From the chapter titles -- 'Haffner Unbound', 'Haffner Amorous', 'Haffner Amphibious', and so on, in twenty variations -- Haffner and his stories are presented.
There is a bit of plot to the novel, most of it centered around when an old, retired Haffner went, "in the final year of the twentieth century", to an apparently formerly communist country in Central Europe to try to reclaim some property.
So there was some bureaucratic business to attend to, and along with that Haffner dealt (and often fumbled around) with a variety of people.
His grandson, Benjamin, a very different character, also plays a role, including showing just how far apart the generations are and how times have changed.
For the most part, however, The Escape focuses on trying to pin down Haffner himself, to sum up and reflect on the now dying man's life.
An elusive narrator does the job of presenting Haffner and his stories, but it's a figure that remains largely off-stage.
The narrator introduces himself and provides a bit of personal information:
And me ?
I was born sixty years after Haffner.
I was just a friend.
But his role remains that of raconteur and interpreter, rarely figuring to any extent in Haffner's story.
Or stories, since much of The Escape is anecdotal, the piecing together of bits that happened before the (very young) narrator's time.
Early on we're told:
The ethos of Rafael Haffner -- as businessman, raconteur, wit, jazzman, reader -- was simple: no experience could be more pleasurable than its telling.
The description was always to be preferred to the reality.
That sets the bar high for a novel -- a book of description.
Thirlwell tries hard, but falls fairly flat.
His tale meanders and floats, and for all his Haffner-tales his character never become very substantial.
A big part of the problem is Thirlwell's tic (and trick) of not following the traditional story-arc in his anecdotes and stories, preferring to jump in and out, and drift off elsewhere.
At this zenith, while Haffner remains there, happily asleep, with his penis in a stranger's hand, I am suddenly reminded of another Haffnerian story.
Yes, there's a certain lack of focus.
Sure, the narrator gets back to the matter at hand eventually (more or less), but it's tough to pull off a digression at a point like that.
There's an elegance and cleverness to some of the language and accounts, but Thirlwell has an odd ear, with a tendency to overwrite, taking one step too far in his minute observations.
When Haffner is on one of his bureaucratic errands a secretaries' room is described as unadorned:
Its walls were bare, except for a cork noticeboard, pinned with reminders of rota systems, memos about departmental protocol.

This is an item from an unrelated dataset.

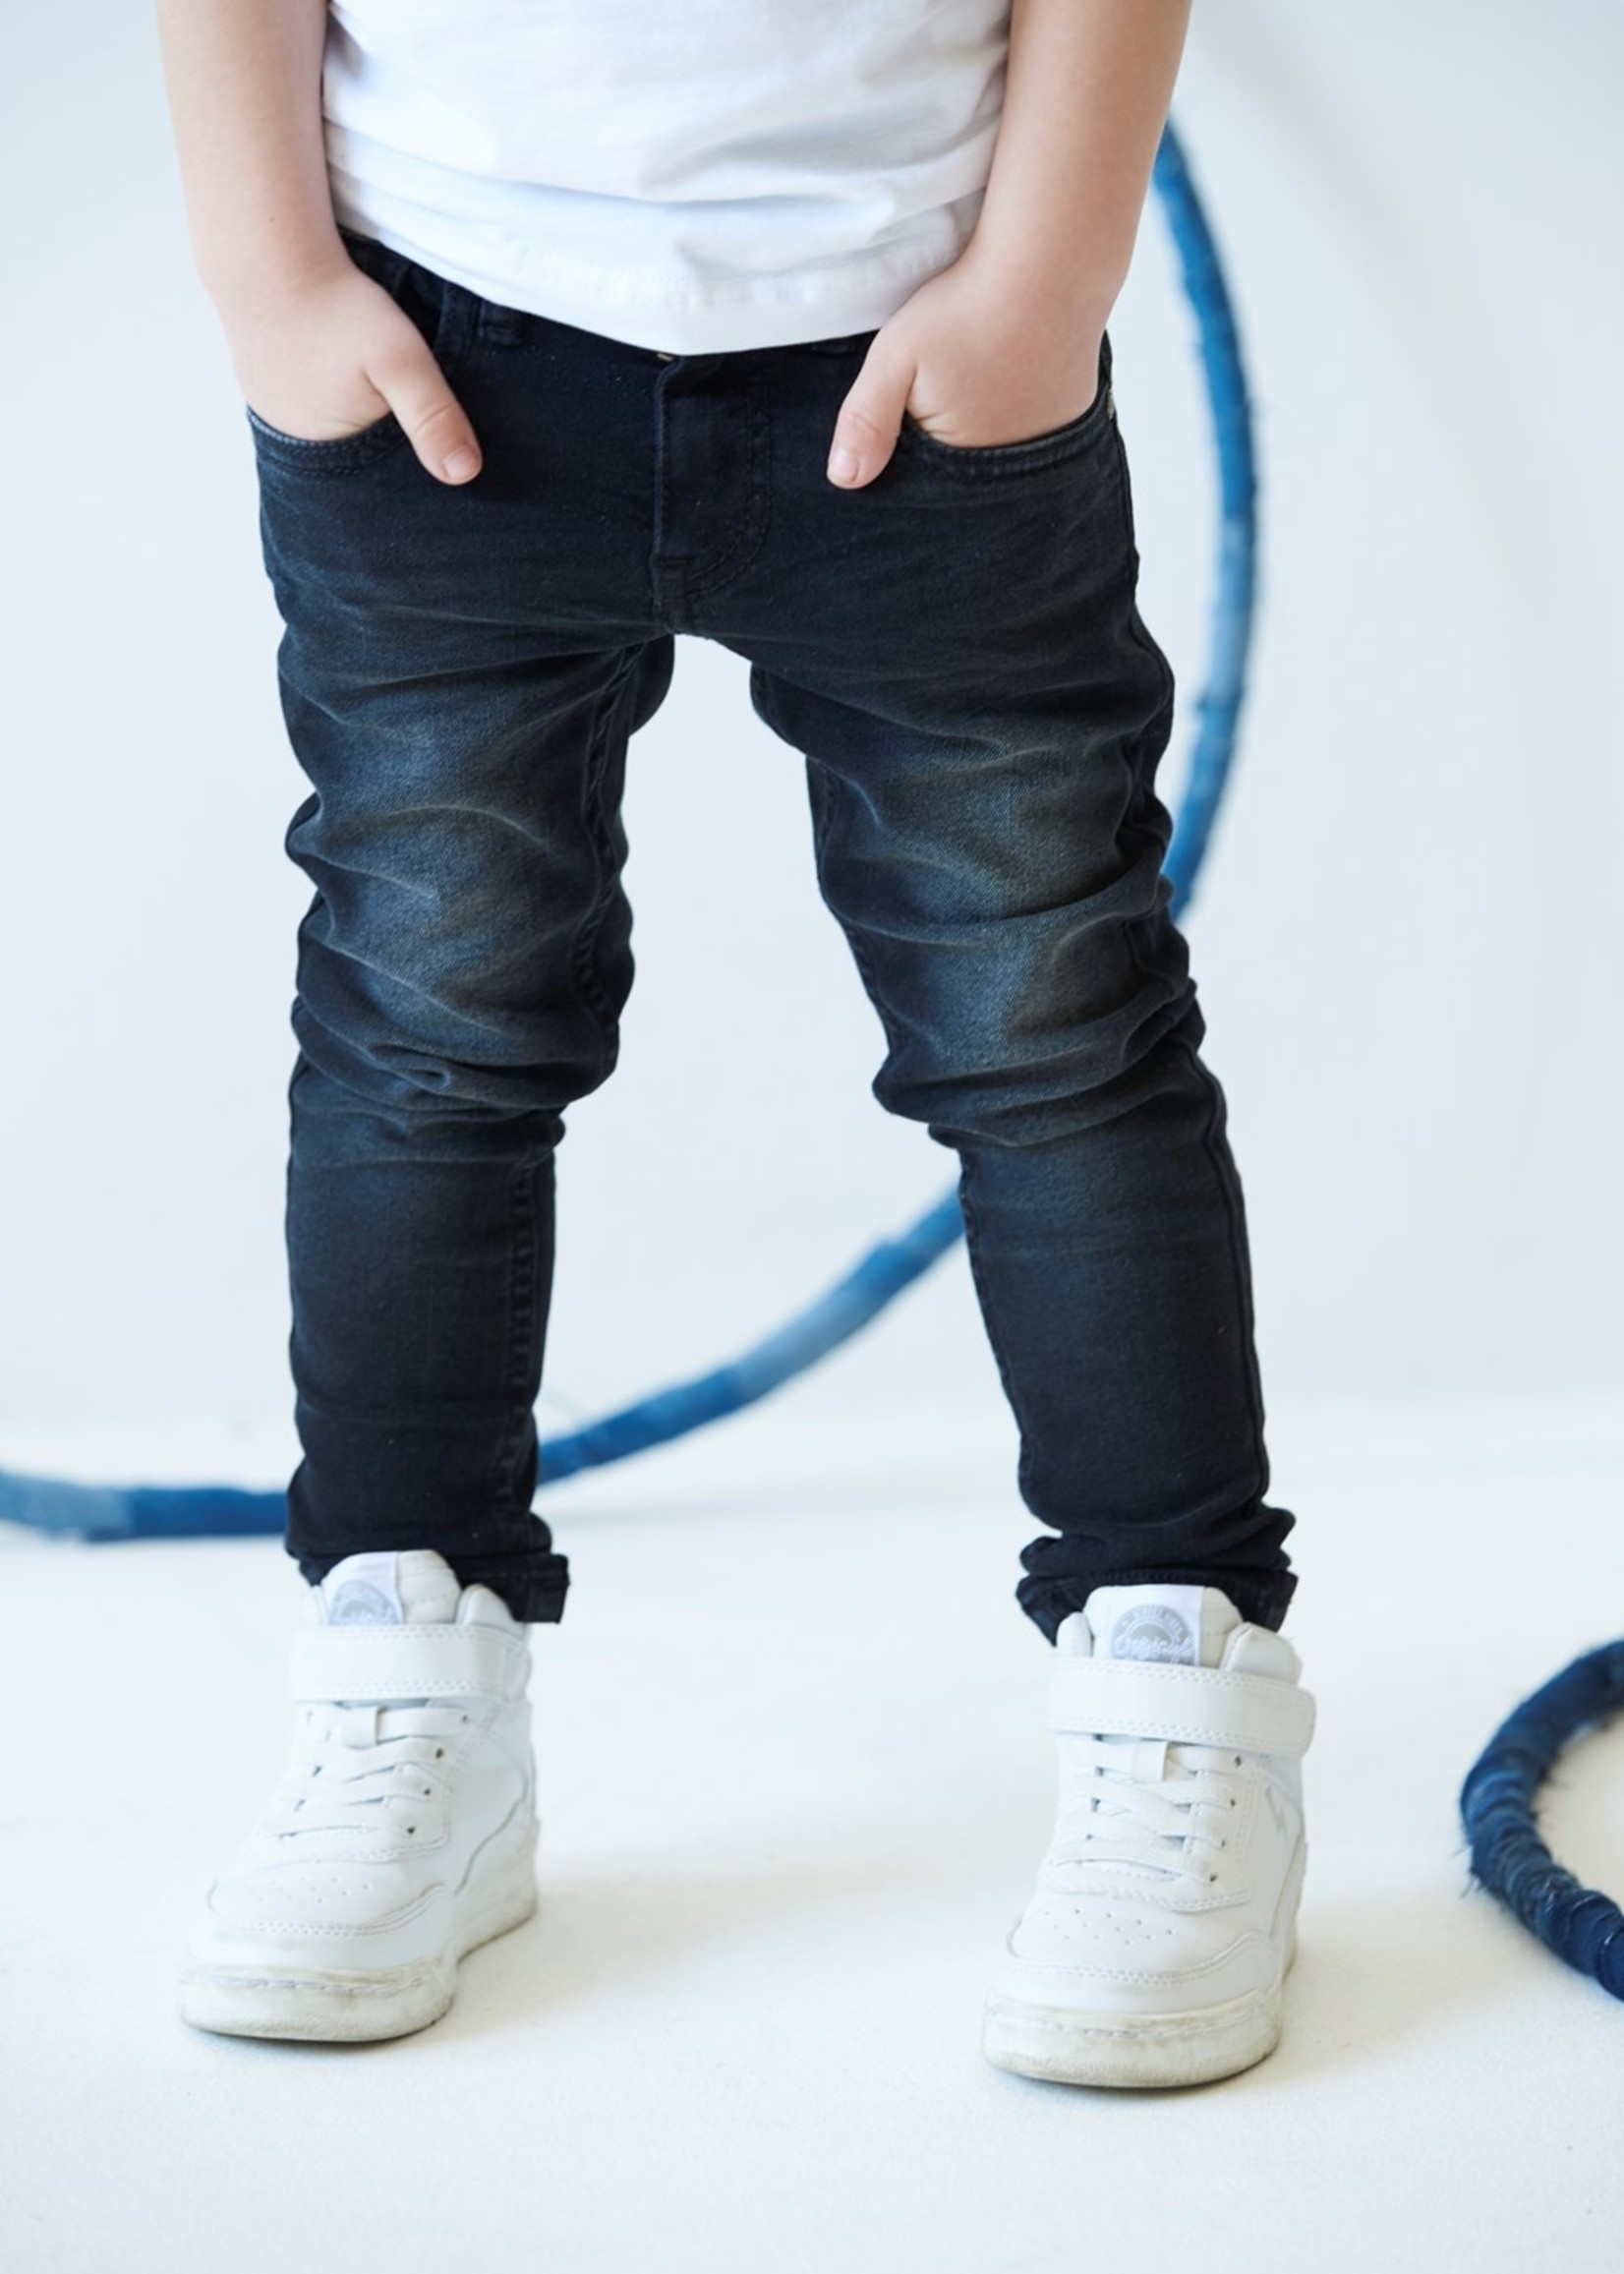 Sturdy Slim fit jeans - Sturdy Denim, Black Denim

A handwritten invitation to a party from two months ago was beginning to curl at the bottom: a stalled wave.
The whole description seems unnecessary, but can pass as setting the setting; the last three words, however, are an entirely pointless embellishment that reeks of nothing else but an author enamored of a specific turn of words.
That Thirlwell is enamored of specific turns of words is clear throughout, and he even makes something of a game of it in The Escape, acknowledging in a Postscript that: "This book contains quotations, some of them slightly adapted" from the works of some forty-odd authors and artists, ranging from Auden to Virgil, and including Brecht, Mel Brooks, Ella Fitzgerald, Kafka, Nabokov, Georges Perec, Rabelais, Tupac Shakur, and Tolstoy.
It's hard not to see the misspelling of one of those names -- Peter Stephan Jungk's (spelled Junk here) -- as a Freudian slip (or a copy editor's sly editorial comment).
[It's a word that crops up in the text, too: "The junk was inescapable."]
Why Haffner's story should be built on such foundations (or clues ?), or what other purpose this sampling-approach might have is not clear: Haffner's connection to these people and their art is limited, with only a few of them mentioned over the course of the text proper, and instead of making this life-record more realistic, the quotations only serve to emphasize its artifice.
The faceless narrator claims early on:
With these stories Haffner sought consolation.
And yet -- despite the fact that: "Yes, thought Haffner sadly: it was always about Haffner" -- the figure remains elusive, never coming together in any convincing way.
Perhaps this is Thirlwell's message -- that even with all our stories we remain entirely insubstantial .....
But, I have to add, in the many stories of Haffner, he was always only himself.
The Escape is a frustrating book: where Thirlwell's flourishes work they're quite impressive, and the loose drift of his narrative -- like clouds, of uncertain and changing shape in a light breeze -- can be appealing.
His attention to detail -- with the physical and sexual, in particular -- often works well, but as a character portrait The Escape falls far short.
And worse than not being able to get much sense of who Haffner is is the fact that the reader isn't left caring about him or his life or his fate.
The novel is, to some extent, a reflection on mortality and the decline and overthrow of the familiar -- from empires to ways of life --; perhaps Thirlwell's choice of such a very young narrator ("I was born sixty years after Haffner") is an acknowledgement that he was not really up to the task, that he could only try to address it through practically juvenile eyes (and smatterings of others' words and thoughts ...).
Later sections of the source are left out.